UFC-Fight-Duration-Analysis

(Titus Bridgwood - TB and Ioana Preoteasa - IP)

Project goals: How long will a UFC fight last? Will it go over- or under- 1.5 rounds? What will be the rate of successful strikes? What about takedowns? Can these questions be answered using only data available before the fight?

The goal of this project was to use Ultimate Fighting Championships (UFC) data from 1993 to 2019 to build a linear regression model on this data to predict a set of useful metrics. Our primary target audience is bookkeepers for betting agencies that run bets based on duration of a fight (normally given as over 1.5 or under 1.5). We hoped to be able to provide robust predictions.

Project outcomes: Three linear regression models with LASSO implementation, trained on polynomial data. 2. A model of fight duration that is somewhat better than guessing by average (R2 ~ 0.056) 3. A model of successful significant strike rate that is significantly better than guessing by average (R2 ~ 0.11) 4. A model of successful takedown rate that is somewhat better than guessing by average (R2 ~ 0.095) 5. Two datasets that can be reused by anyone in the future to enhance or extend our results and analysis. There were several more variables we would have liked to try predicting.

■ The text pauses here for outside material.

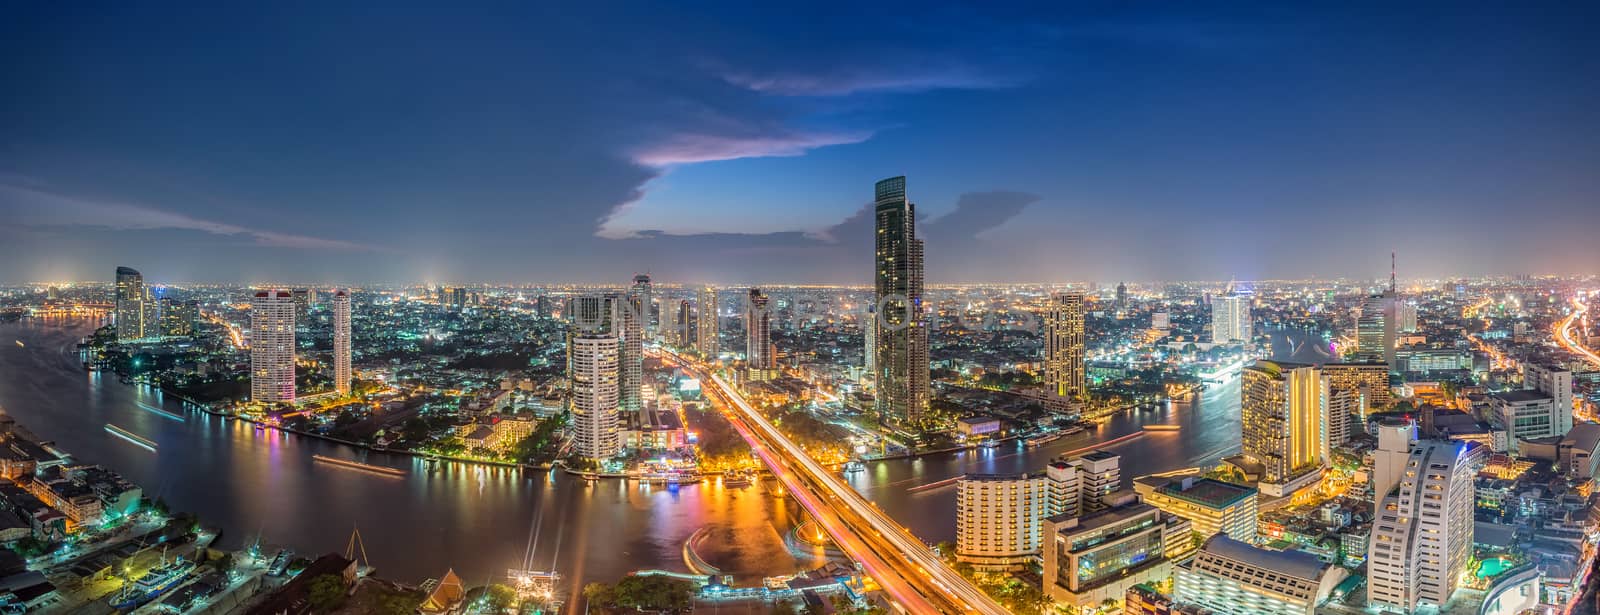 Bangkok Transportation at Dusk with Modern Business Building alo by chanwity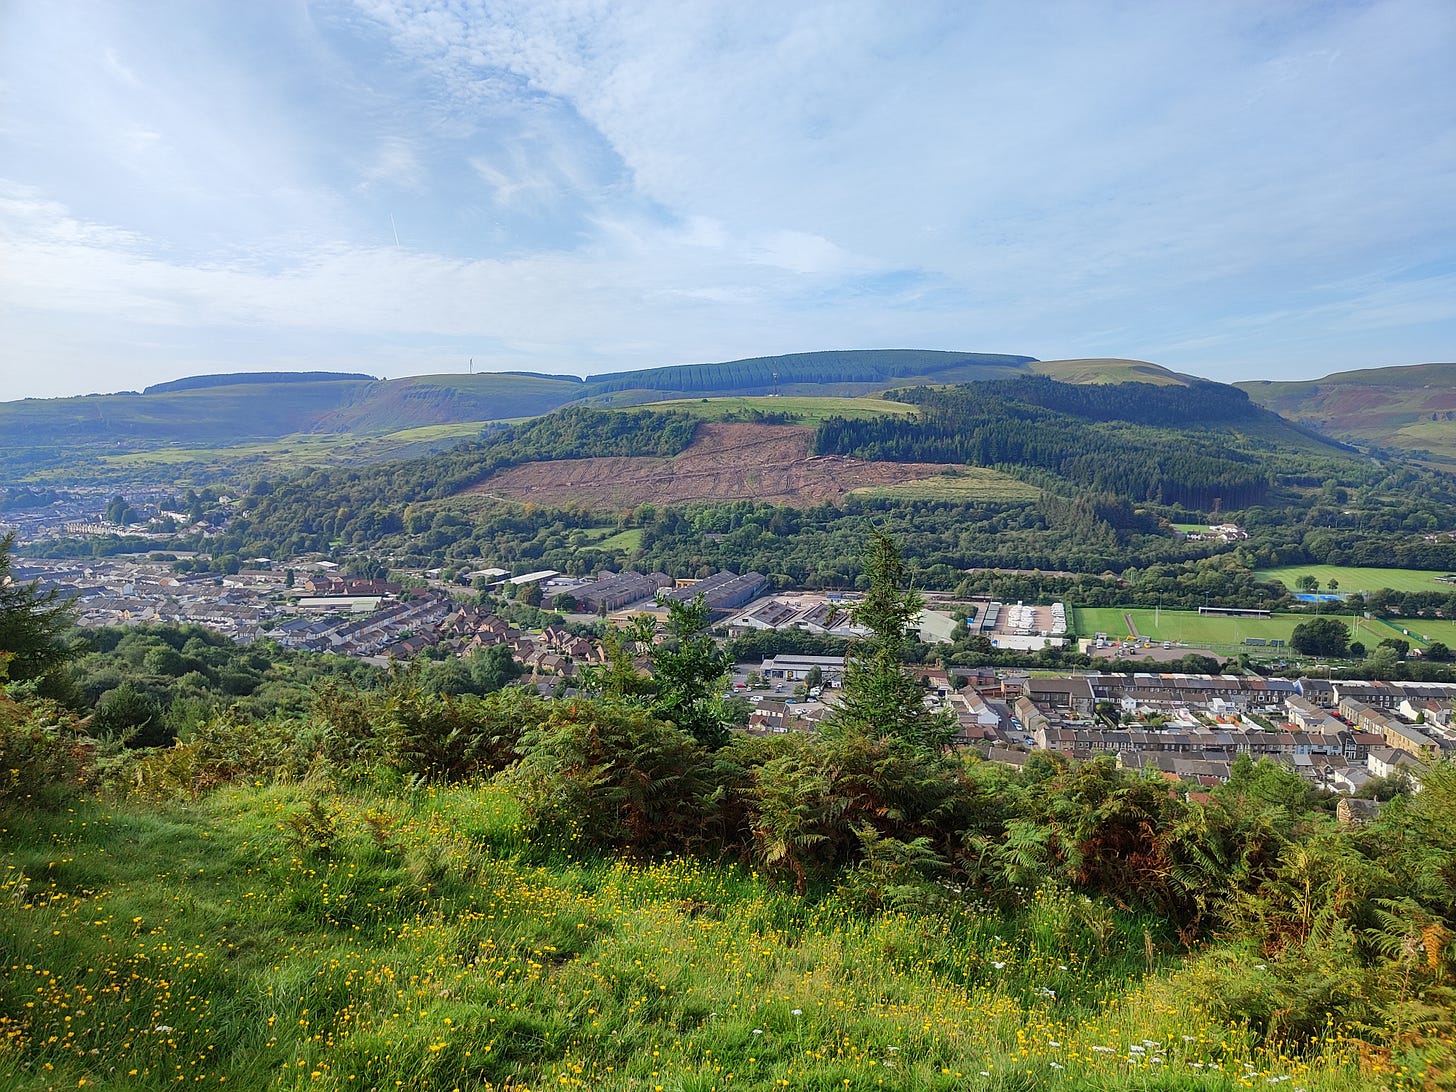 A view of the Rhondda from above treorchy. The hills are green, there are houses and other buildings in the valley, and the weather is sunny with hazy clouds above

In order to successfully build a linear regression model, we had to choose continuous target variables. We chose 3:

  • durations of fight (in seconds);
  • percentage of successful significant strikes;
  • percentage of successful takedowns ;

Which pre-match fighter stats are most significant in predicting our metrics?

  1. Duration (please note the models are not very strongly predictive): - Fighter's longest win streak and their total time fought so far (seconds) in their career; - Total time fought so far and number of wins by submission; - total time fought so far and their height;

  2. Percentage significant strikes: - the square of the height (cm); - reach (cm)

  3. Percentage successful takedowns: - Longest win streak and total time fought so far; - Total time fought so far and number of wins by submission; - Total time fought so far and height (cm);

We are grateful for the data provided by Rajeev Warrier (https://www.kaggle.com/rajeevw/ufcdata) and scraped from the UFC Fight Stats website (http://ufcstats.com/statistics/events/completed).

Files in repository: library.py - contains our modelling function and uses Python's ScikitLearn library; time_predictFINAL.pkl - dataset used for predicting fight duration; post_2001_norm_str_pct.pkl - dataset used for predicting the other stats, such as percentage successful significant strikes and takedowns*;

Conclusion: although our R squared values are very low, especially for our first target variable, we are enthusiastic for the potential any exogenous data could bring to this (such as fighter's training regime, home gym, etc... ).

Labour division: IP - dataset cleaning and initial exploratory data analysis; function testing; creating visualizations. TB - refactoring modelling code; writing technical notebook and presentation (both) - iterative building of our LASSO model, analysis of final results.

*(different dataframes were used because there far more non-null values for the duration of the fight than for the other fight metrics, so they were separated to maximize sample size). The second dataset includes several other fight statistic variables (e.g. average number of reversals; average guard passes) so we welcome anyone wanting to build a model on any of those!